## Work task
Every line below between the one holding "Kleine hanglamp Agnes" and the one holding "露營小站~【1346 】Coghlans 鋁合金咖啡壺", inclusive, should be copied exactly, and no other line.

## Data for the task
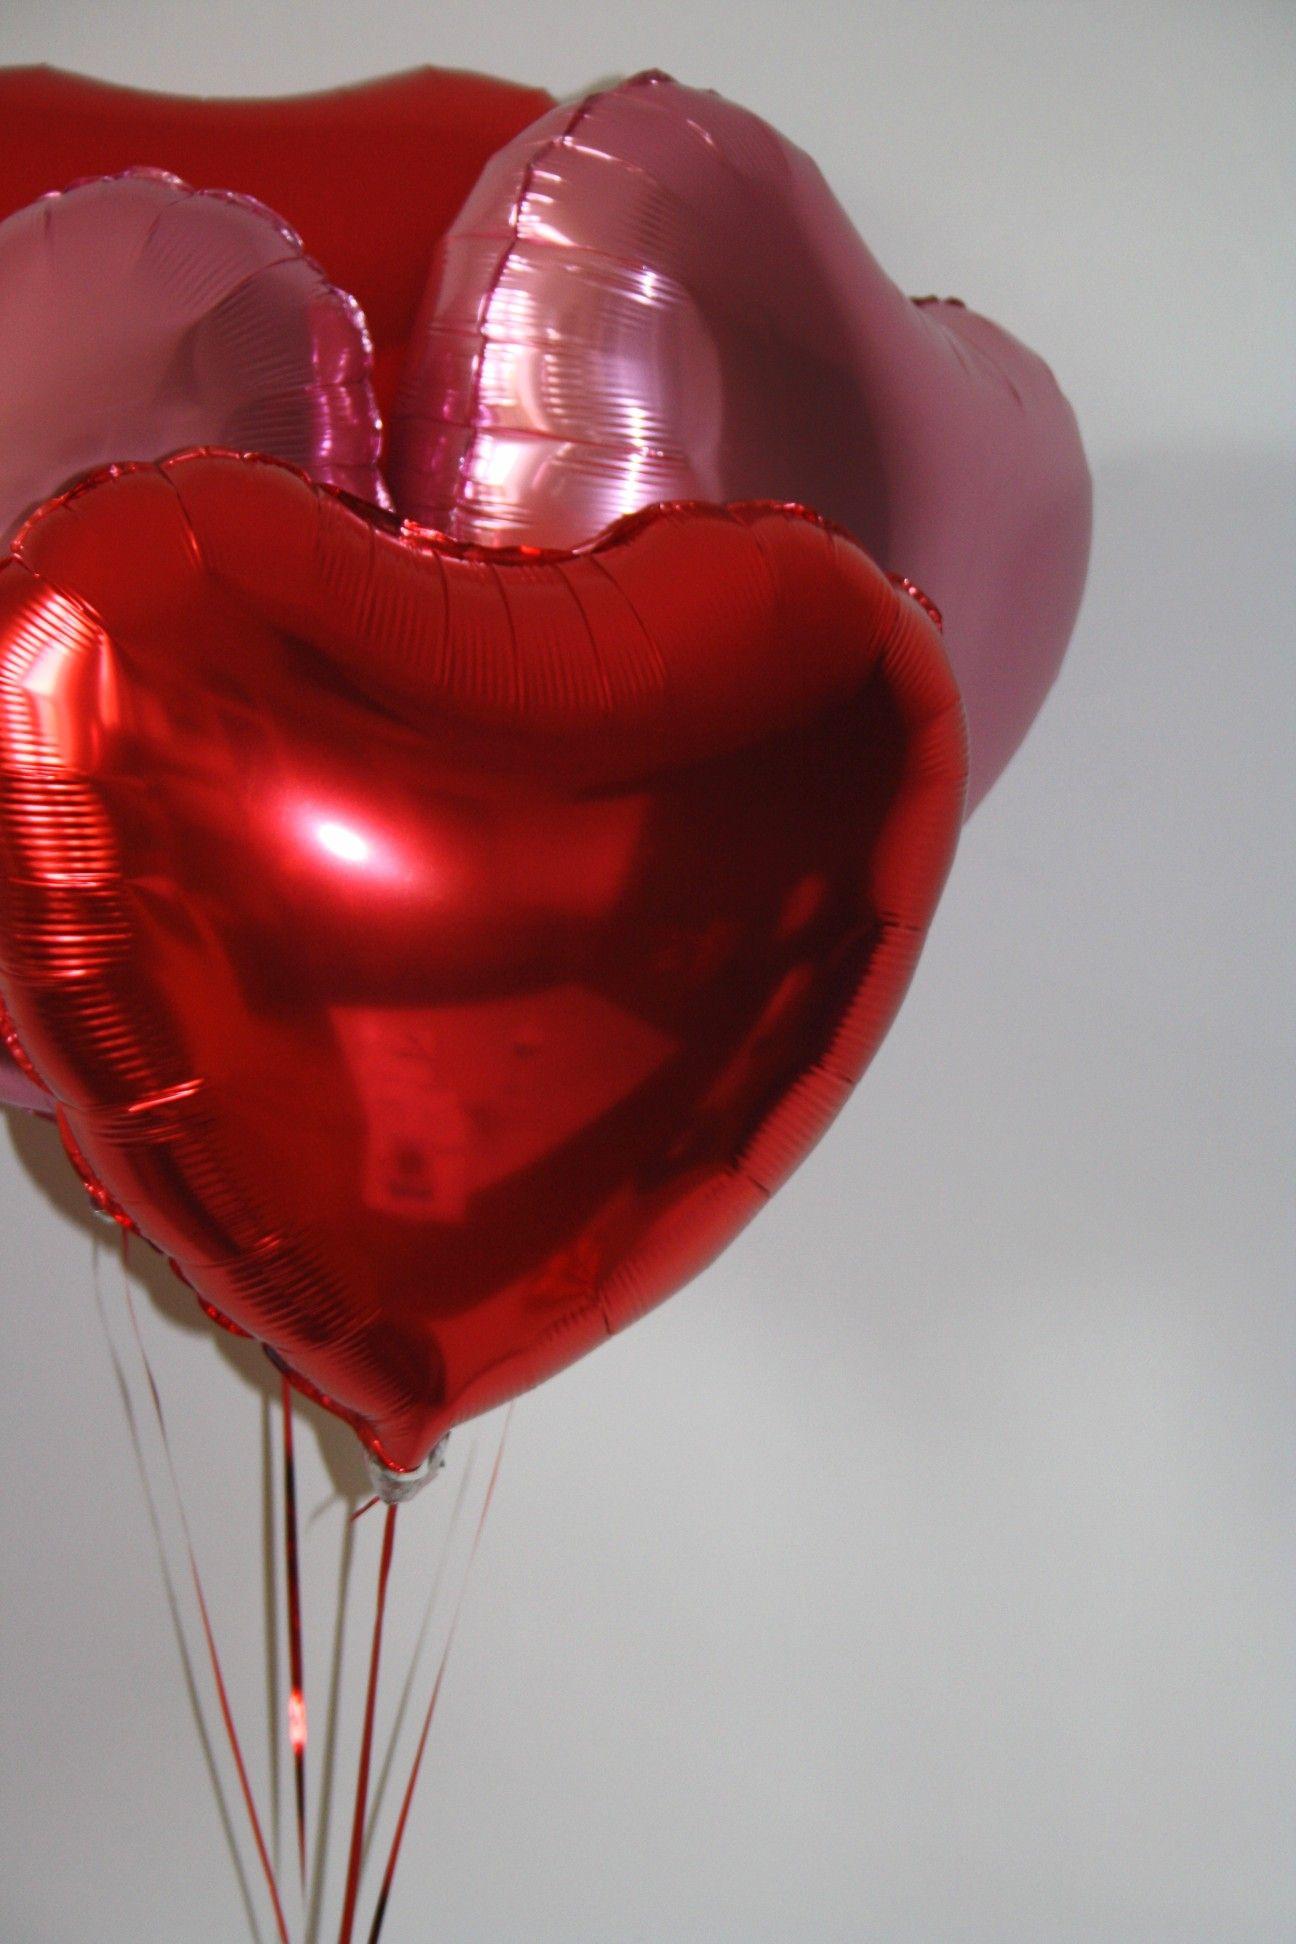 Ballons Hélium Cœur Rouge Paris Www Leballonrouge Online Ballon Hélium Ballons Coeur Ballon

==

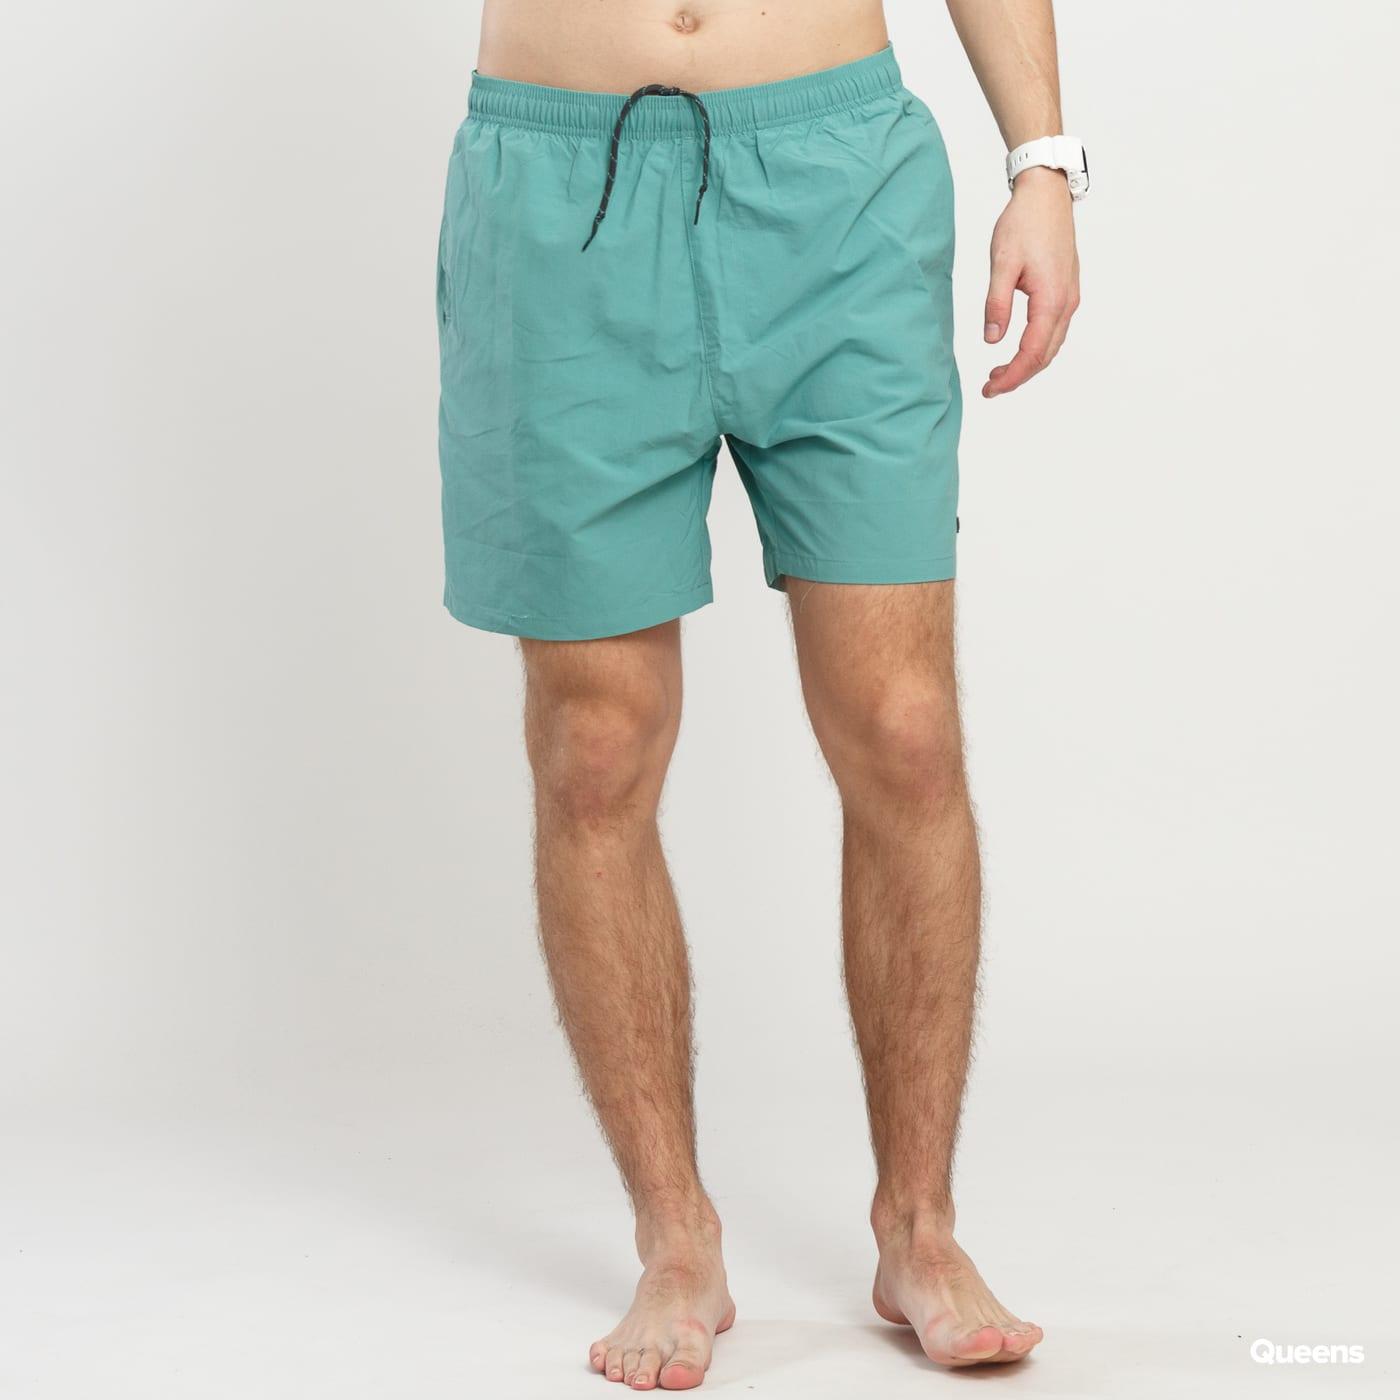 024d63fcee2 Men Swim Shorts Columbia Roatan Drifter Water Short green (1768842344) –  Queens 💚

--

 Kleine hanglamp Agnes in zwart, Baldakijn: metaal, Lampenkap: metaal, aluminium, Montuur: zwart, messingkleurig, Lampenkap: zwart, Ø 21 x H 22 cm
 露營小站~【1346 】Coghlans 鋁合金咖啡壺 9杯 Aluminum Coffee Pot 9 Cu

## Response
 Kleine hanglamp Agnes in zwart, Baldakijn: metaal, Lampenkap: metaal, aluminium, Montuur: zwart, messingkleurig, Lampenkap: zwart, Ø 21 x H 22 cm
 露營小站~【1346 】Coghlans 鋁合金咖啡壺 9杯 Aluminum Coffee Pot 9 Cu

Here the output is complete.